Analyse von Chemotaxis in mikrofluidischen Systemen

Chemotaxis
© Fraunhofer IZI-BB

Phasenkontrastaufnahme der Migration von HFF1-Zellen im Konzentrationsgradienten mit Plot der entsprechenden Trajektorien. Mit fluoreszenzoptischen Methoden können Veränderungen des Zytoskeletts während der Ausbildung von Lamellipodien dynamisch verfolgt werden. Maßbalken: 50 µm.

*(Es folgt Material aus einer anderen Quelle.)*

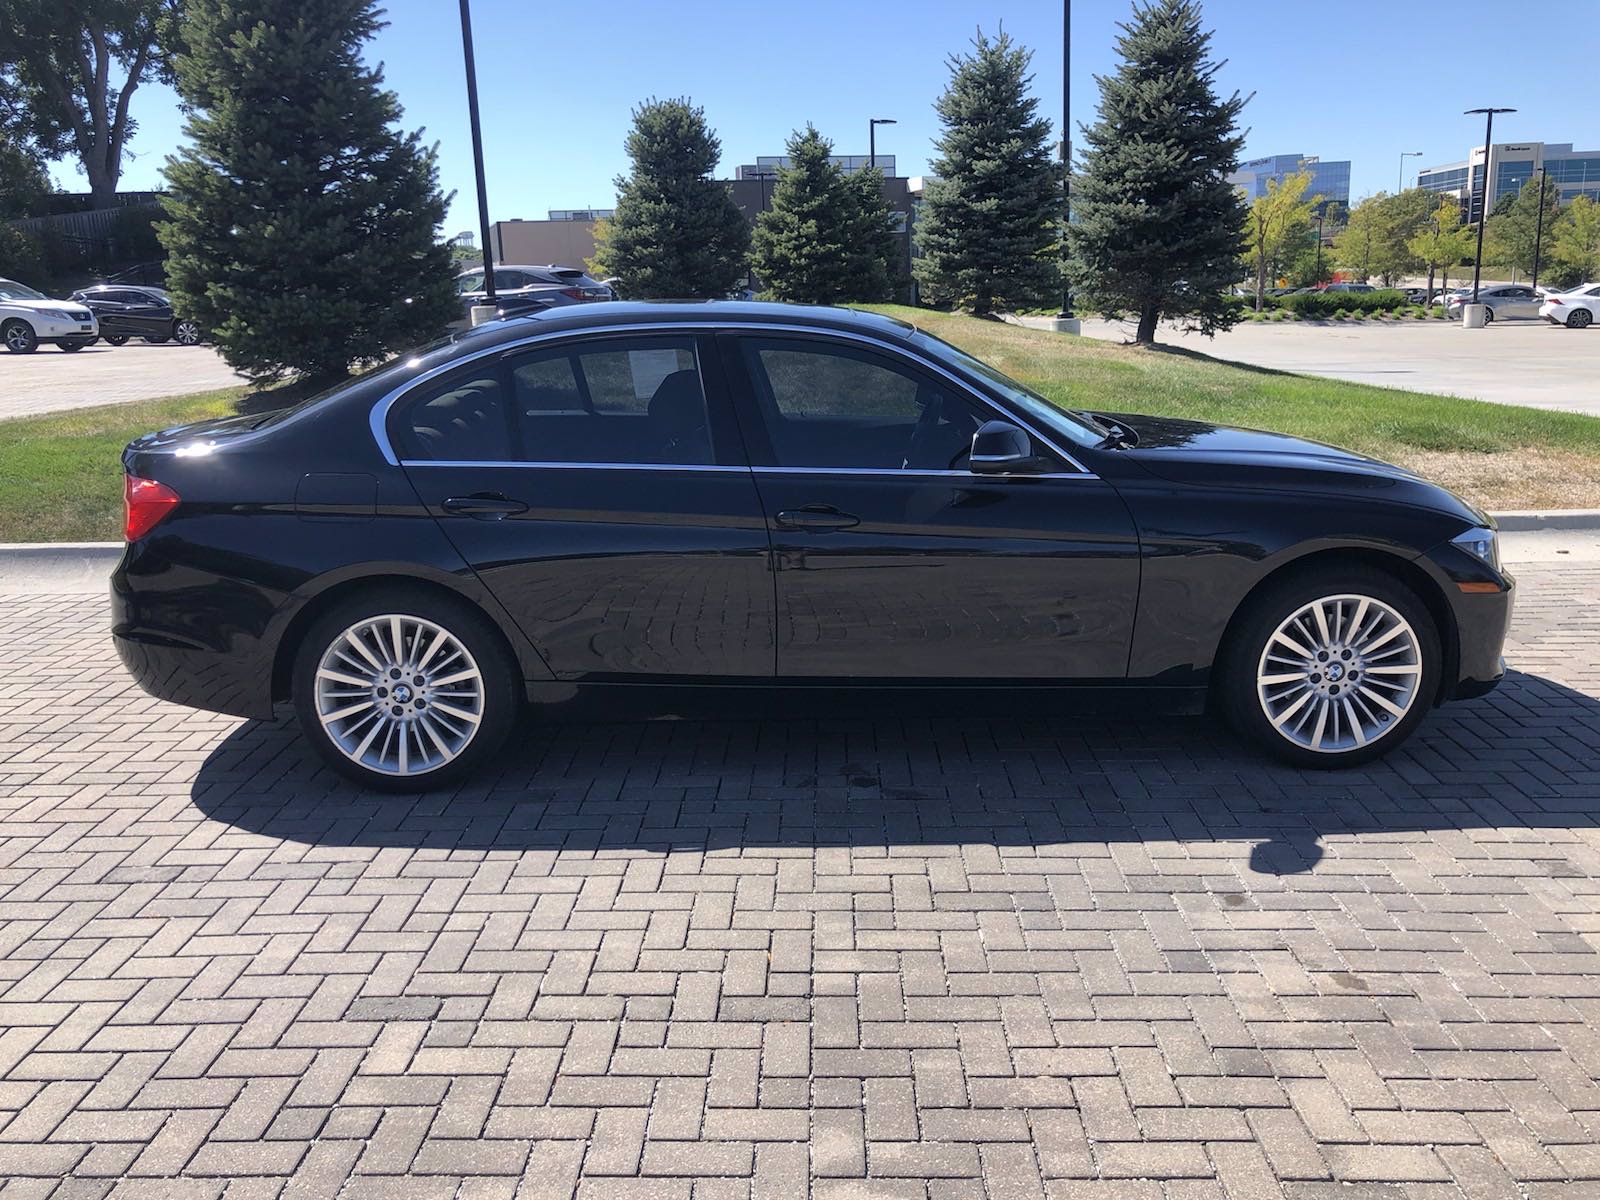 PreOwned 2015 BMW 328i xDRIVE 4DR SDN AWD/4WD,1 OWNE 4dr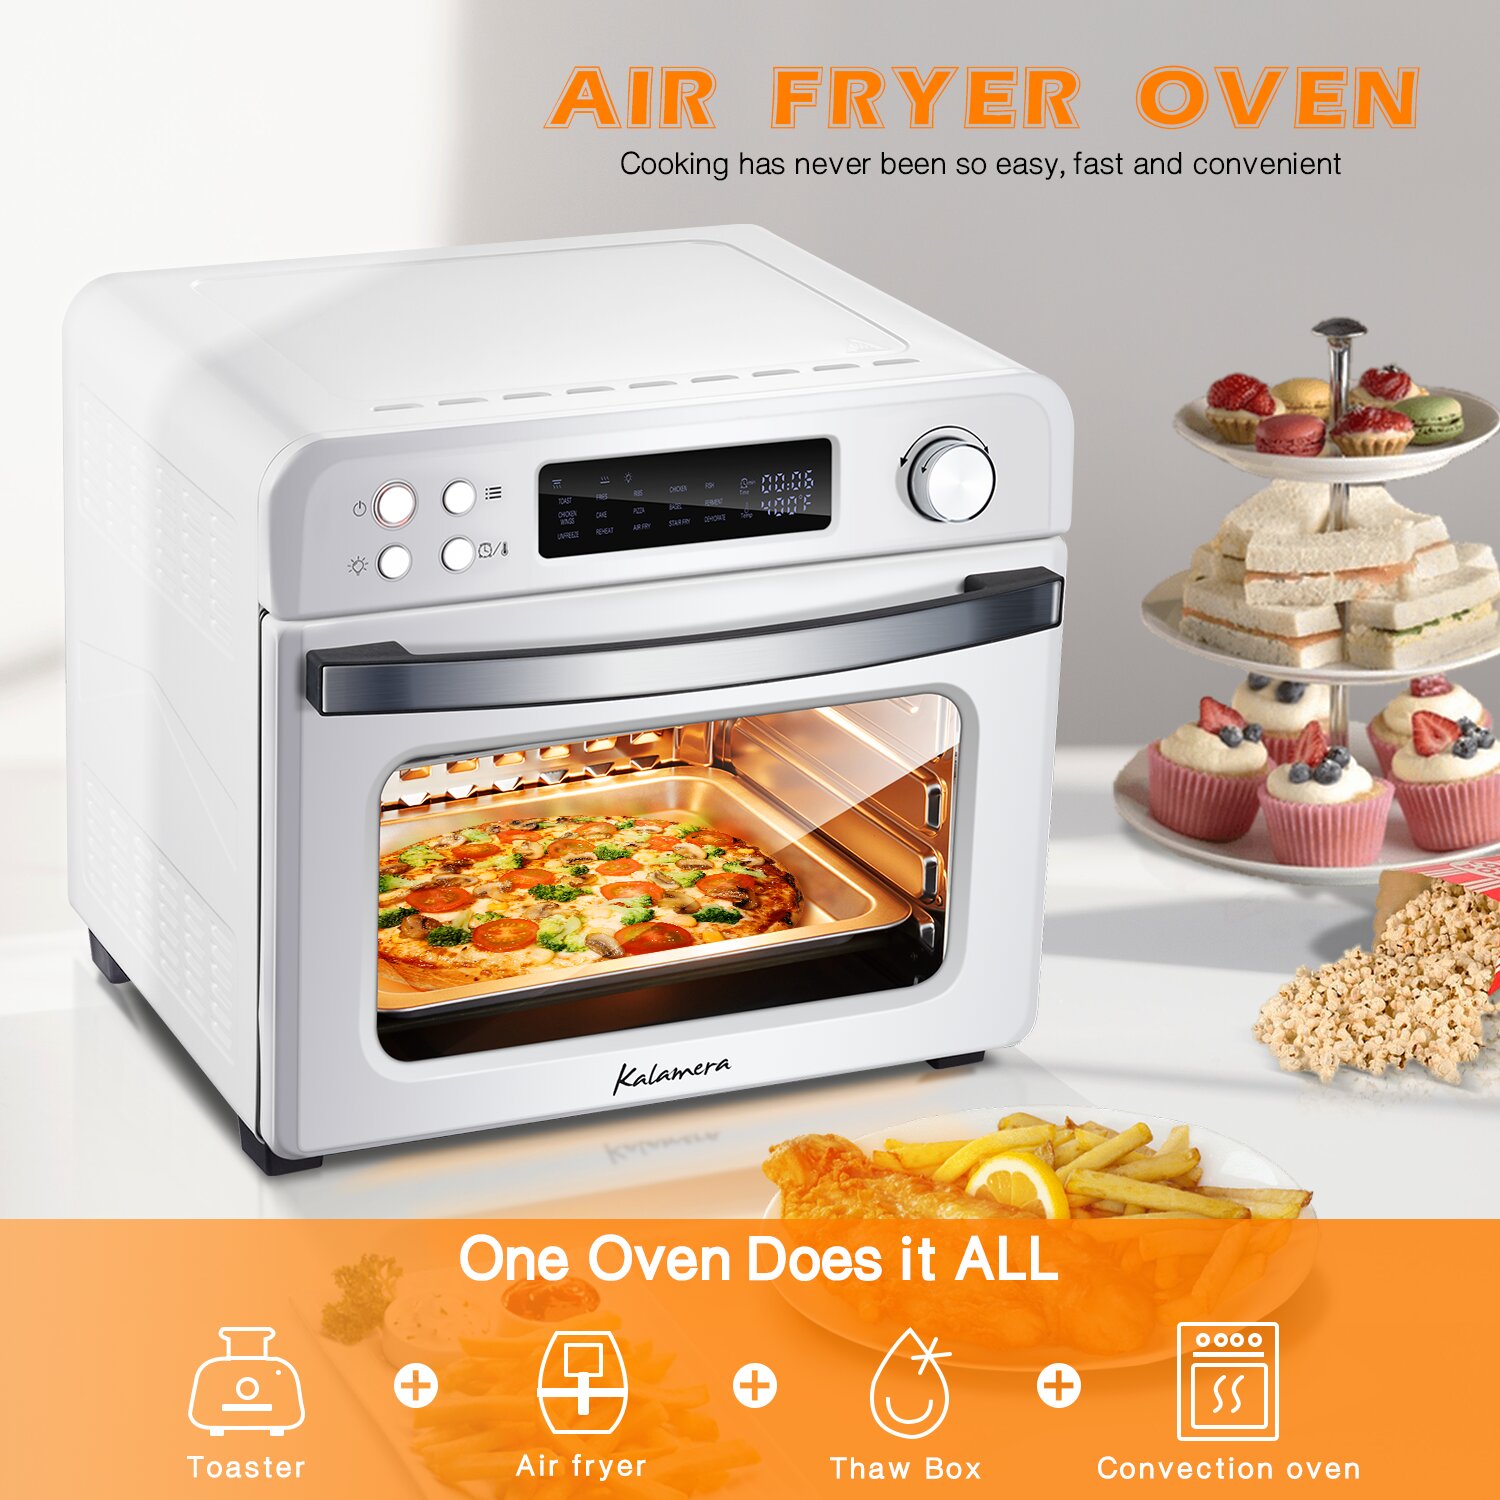  Retro Toaster Oven - SIMOE Air Fryer Oven & Toasters 19QT, 7 in  1 Convection Oven Combo for Family Use, 360° Even & Healthy Cooking, 5  Accessories & Recipe Book - Sliver: Home & Kitchen

Chemotaxis bezeichnet die gerichtete Migration von Zellen im Konzentrationsgradienten einer stimulierenden Substanz und spielt eine zentrale Rolle bei vielen wichtigen biologischen Prozessen wie Embryonalentwicklung, Immunabwehr oder Krebs. Das Verständnis der zugrundeliegenden molekularen Mechanismen ist essentiell, wenn neue, an diesen Prozessen ansetzende Wirkstoffe entwickelt werden sollen. Leider können mit klassischen Chemotaxis-Assays die experimentellen Rahmenbedingungen zur Untersuchung von Chemotaxis oft nur unzureichend kontrolliert werden. Um diese Limitationen zu überwinden, verwenden wir mikrofluidische Systeme, mit denen hochgradig stabile Konzentrationsgradienten erzeugt und die Migration der stimulierten Zellen über Stunden dynamisch erfasst werden kann. Die Gradienten werden dabei unter laminaren Strömungsbedingungen durch Diffusion zwischen zwei parallelen Teilströmungen generiert. Durch die Variation von Strömungsgeschwindigkeiten kann die Steilheit des Gradienten eingestellt und dieser an verschiedenen Positionen im mikrofluidischen Kanal positioniert werden. Hierdurch kann die Stimulation von Zellen mit löslichen Faktoren örtlich und zeitlich sehr flexibel variiert und an die jeweiligen Versuchsbedingungen angepasst werden.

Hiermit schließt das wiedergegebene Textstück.